• Task directions: As written and without pictures, set down the lines from the one that contains "Alternate Image 3" through the end of the data.

• Supplied material:

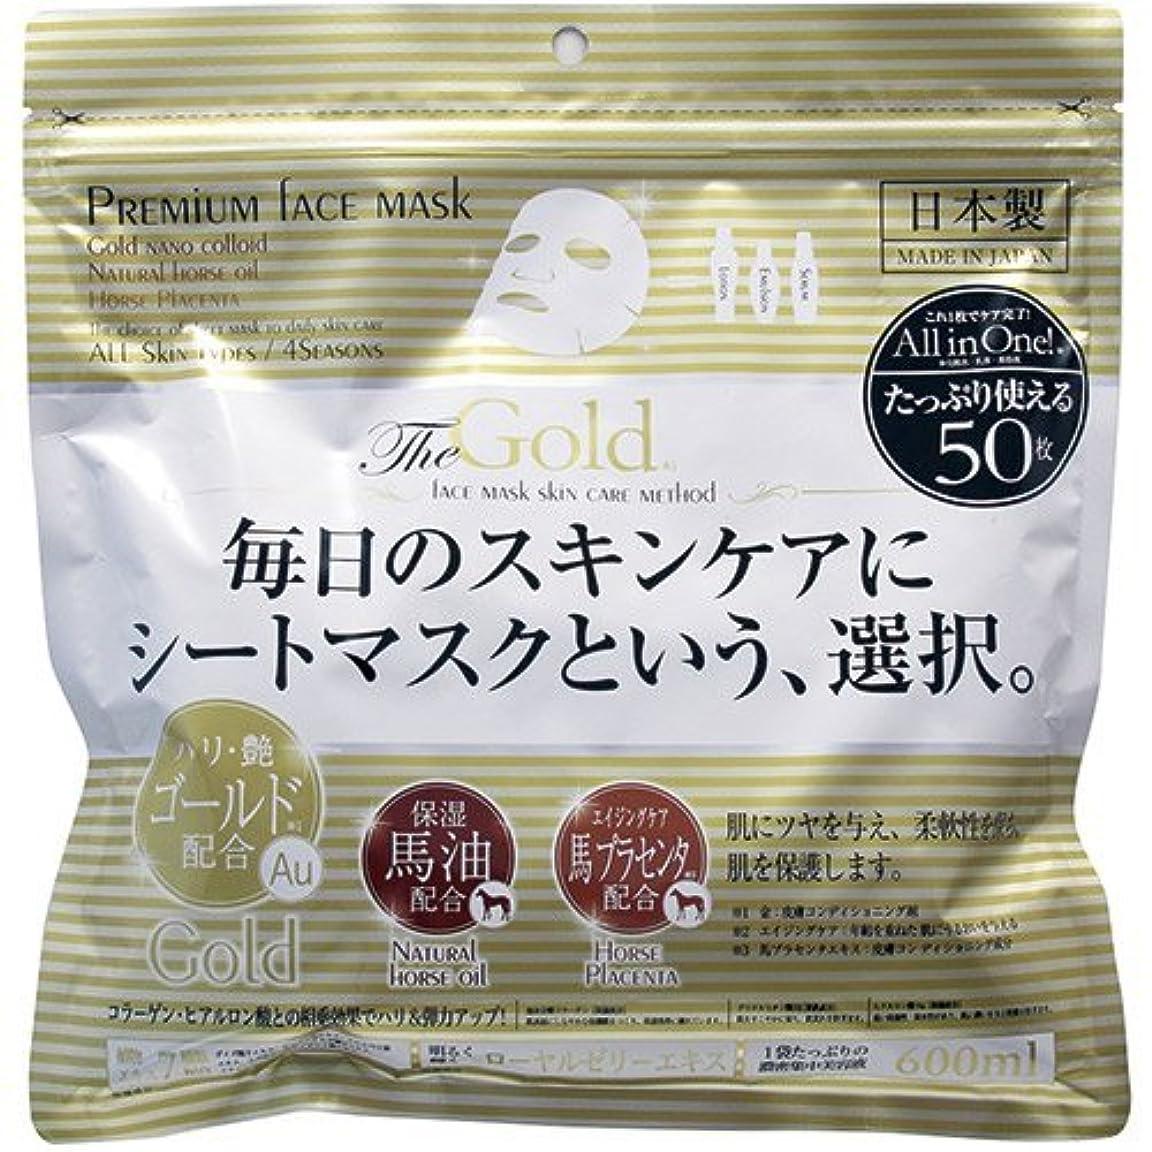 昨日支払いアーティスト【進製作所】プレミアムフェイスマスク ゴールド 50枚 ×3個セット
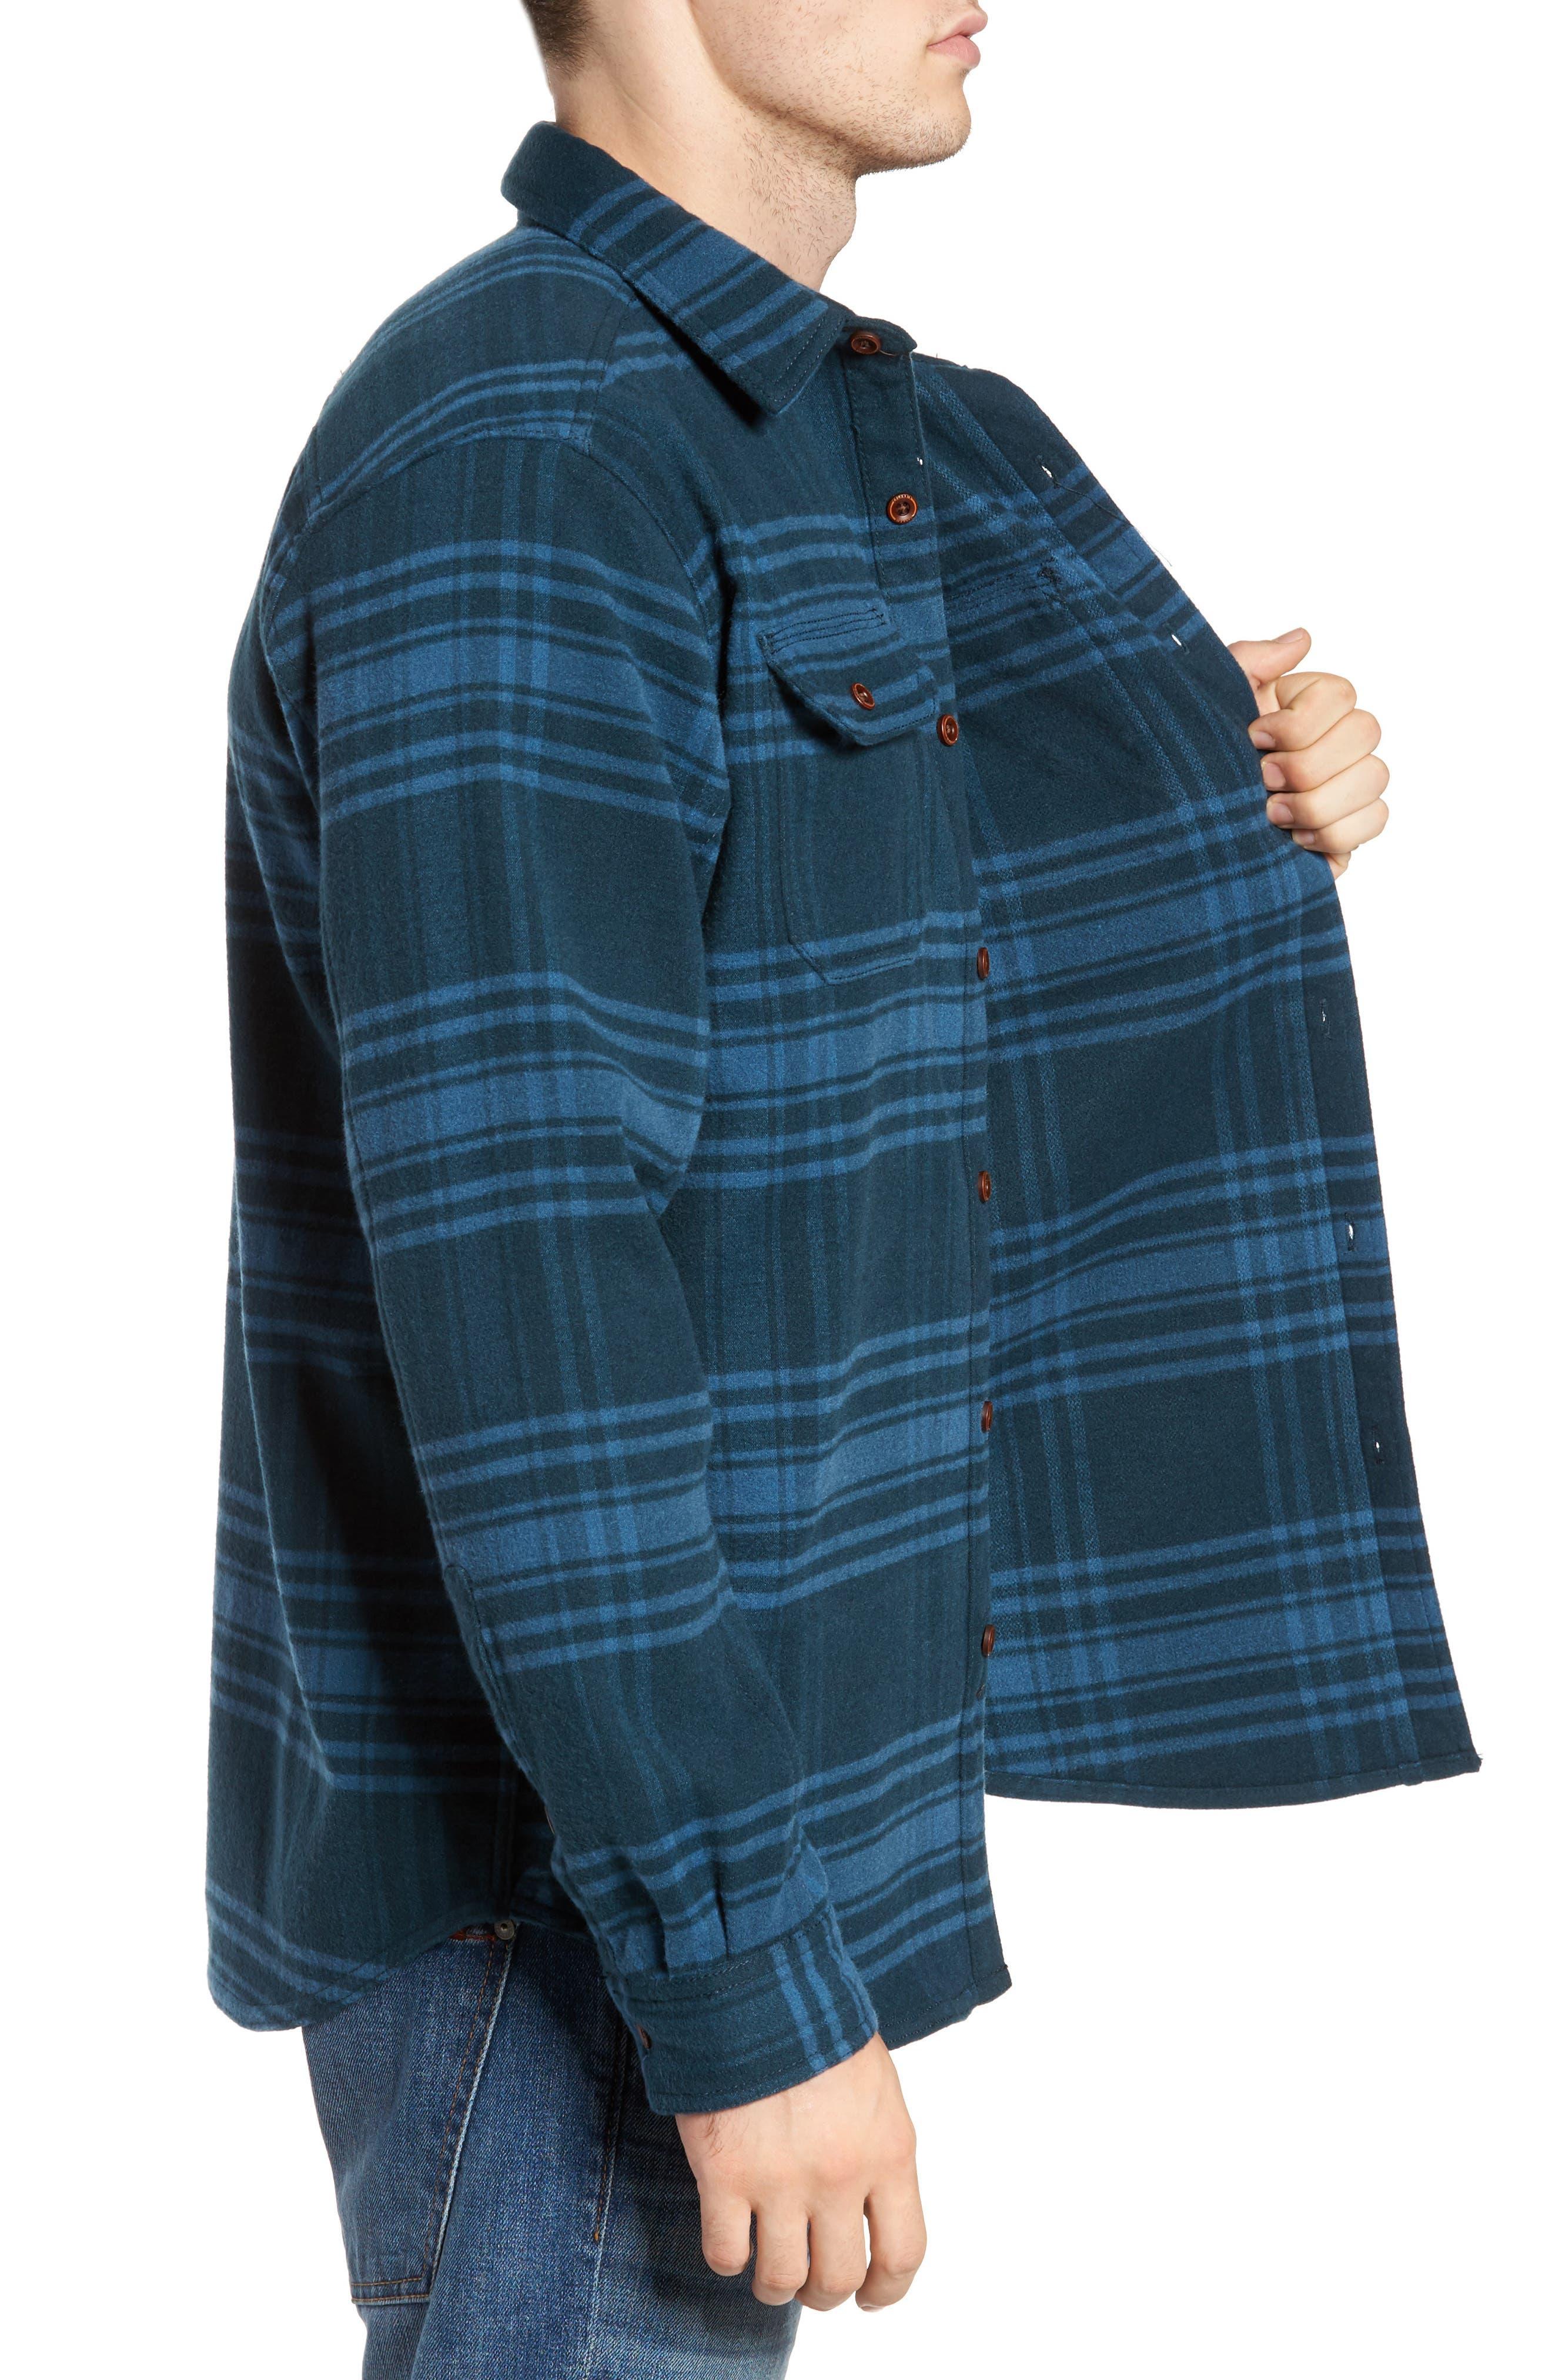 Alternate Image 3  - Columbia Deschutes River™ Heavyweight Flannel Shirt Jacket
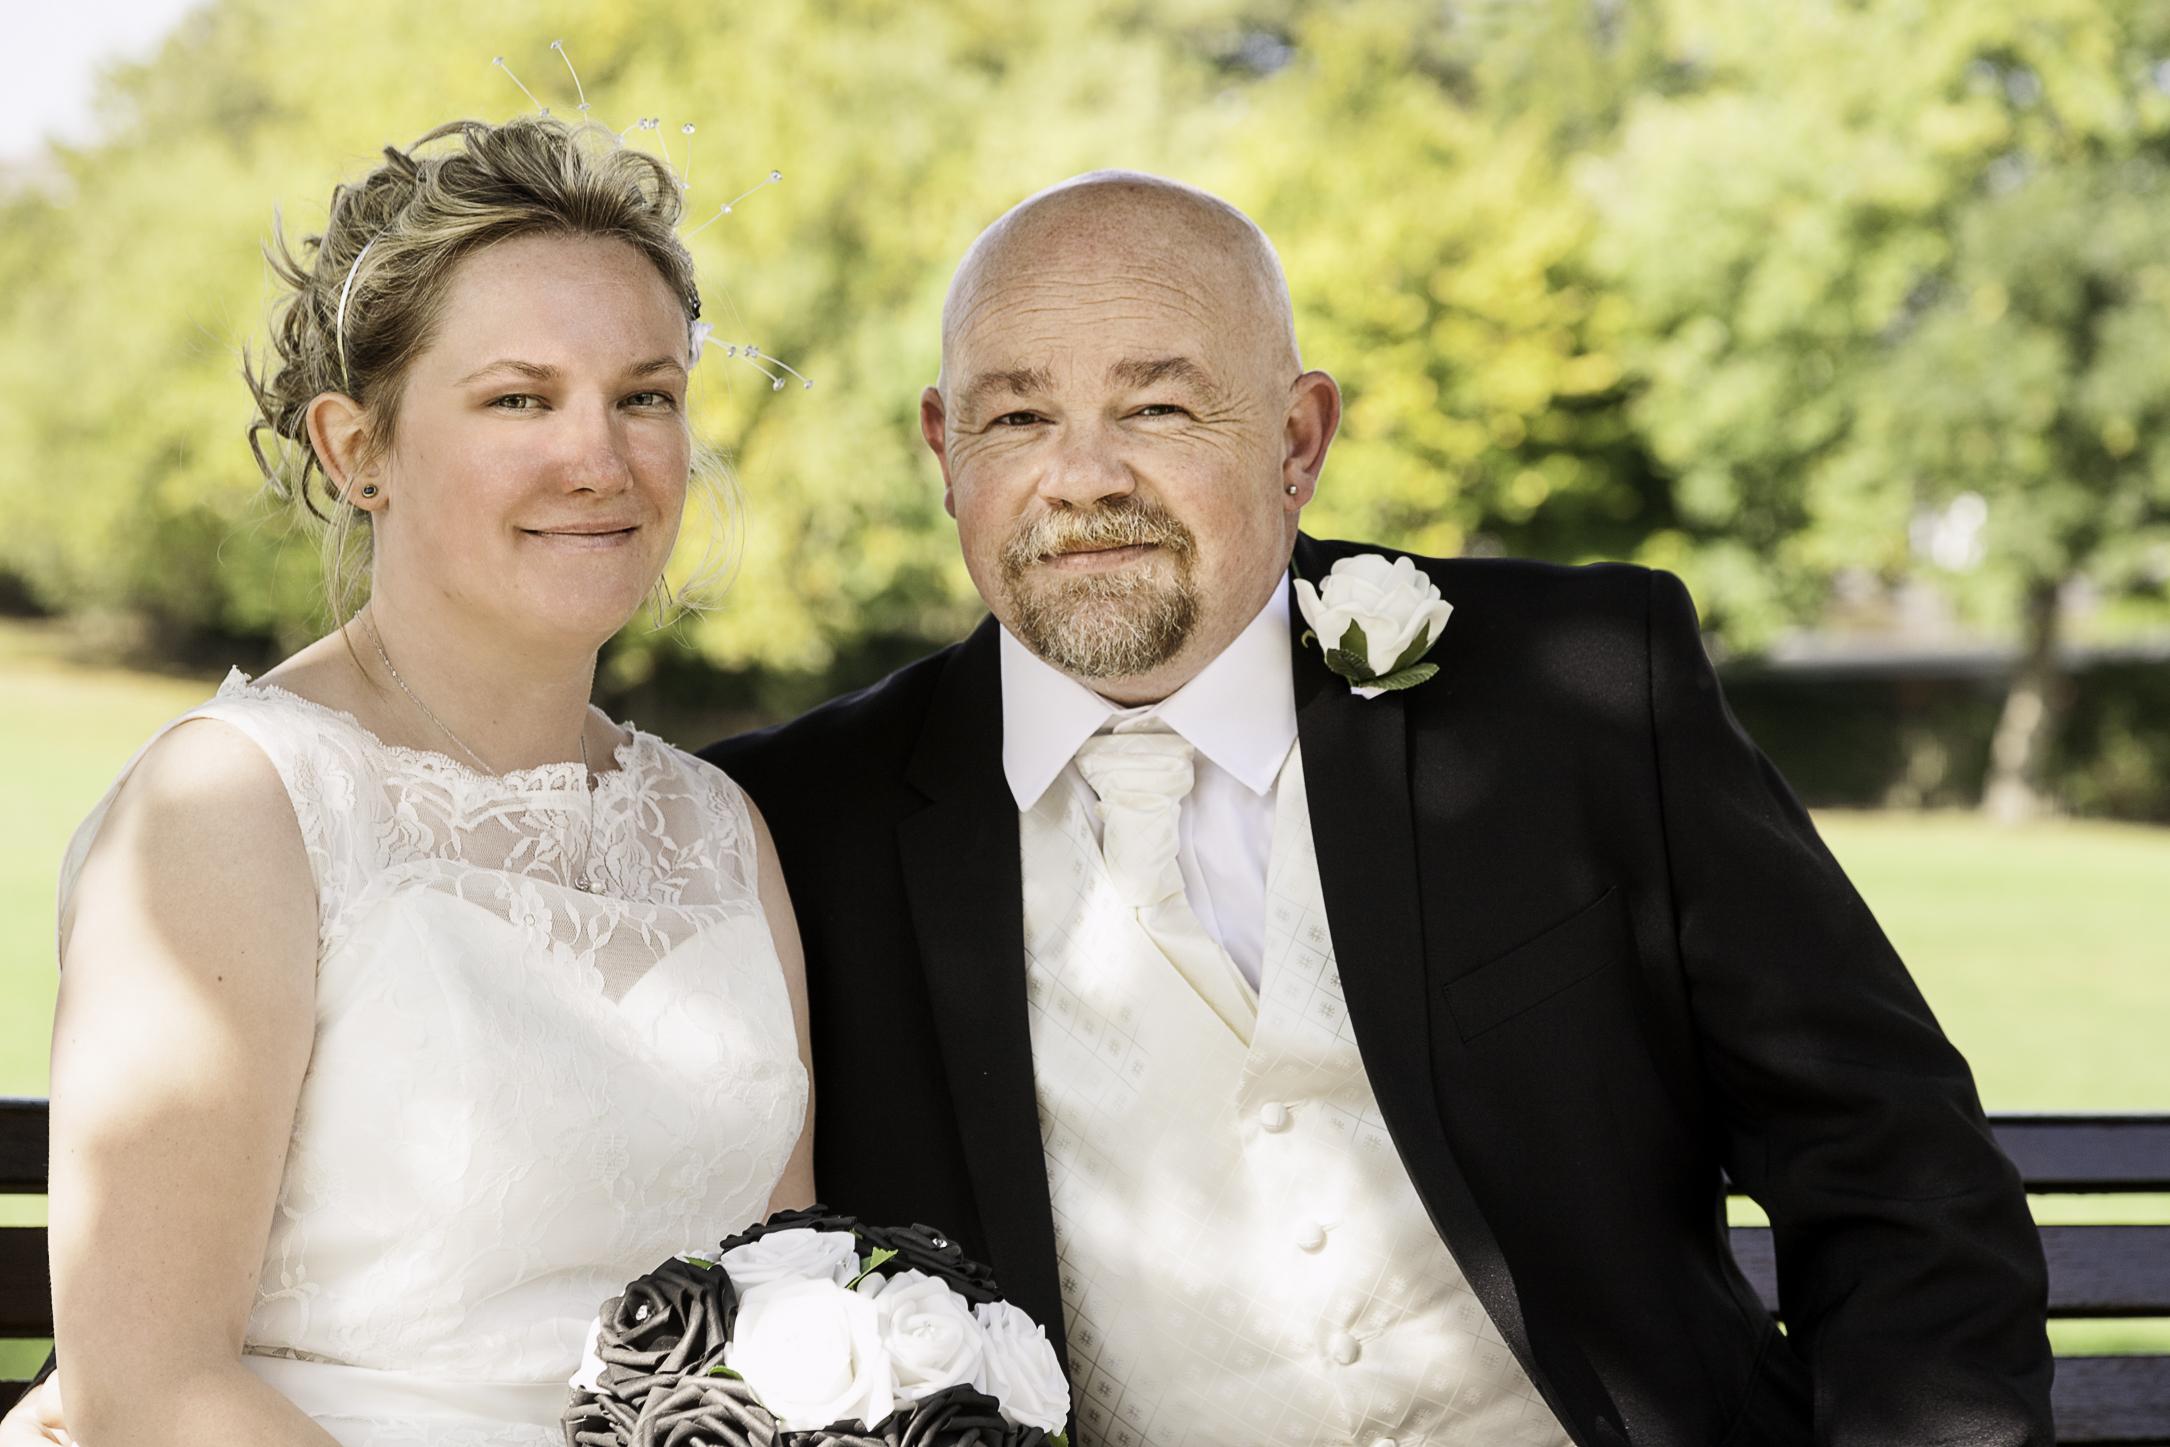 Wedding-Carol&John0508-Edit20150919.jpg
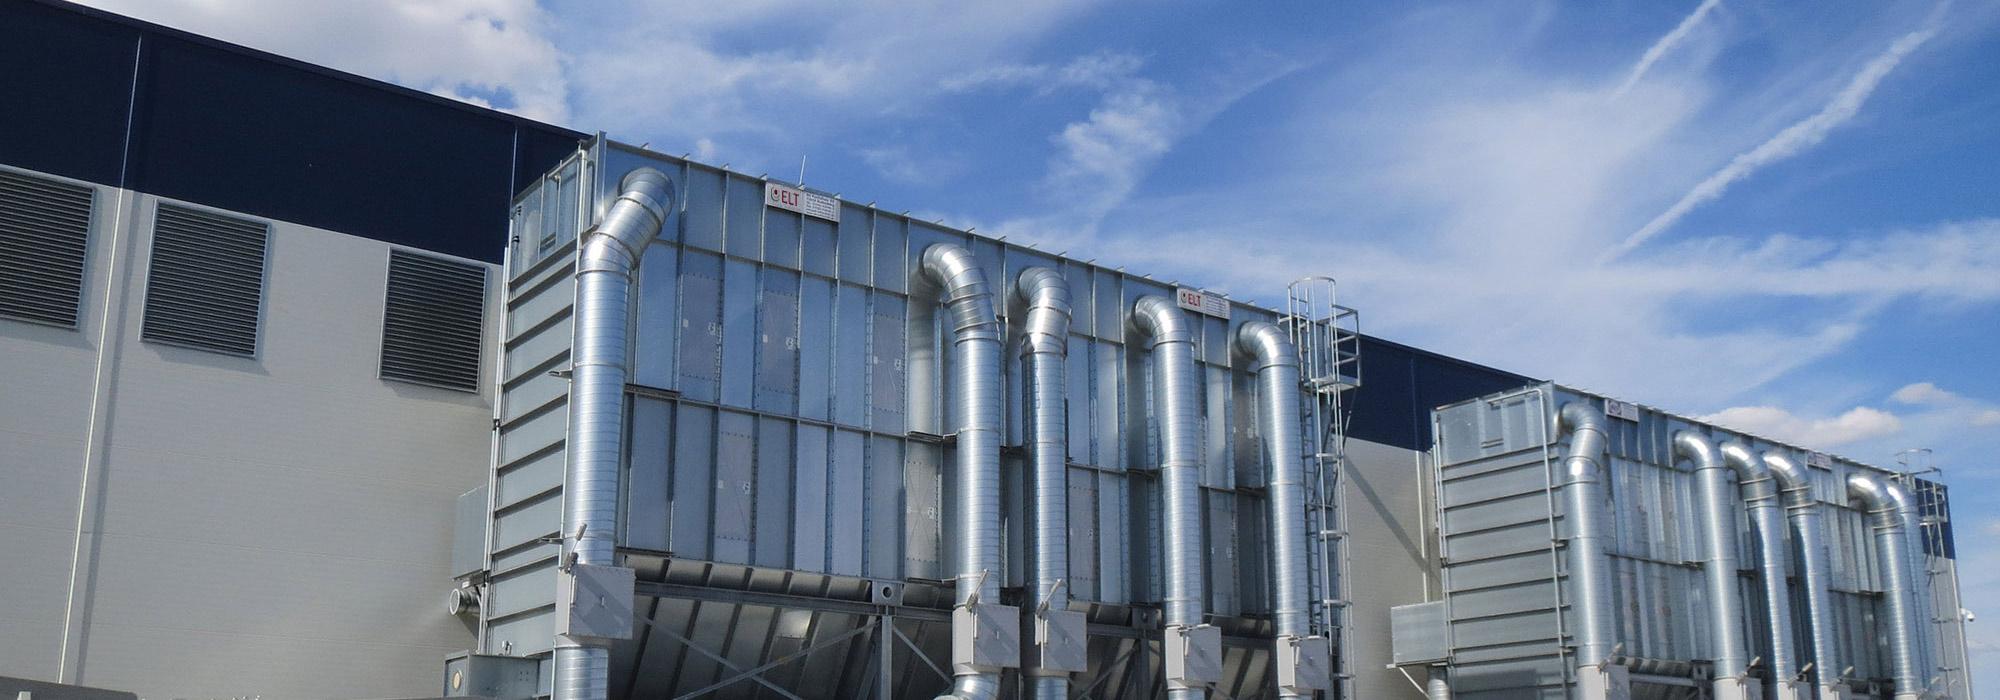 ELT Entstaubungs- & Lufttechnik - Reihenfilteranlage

• Your solution:
 Alternate Image 3  - Columbia Deschutes River™ Heavyweight Flannel Shirt Jacket
 Wedding-Carol&John0508-Edit20150919.jpg
 ELT Entstaubungs- & Lufttechnik - Reihenfilteranlage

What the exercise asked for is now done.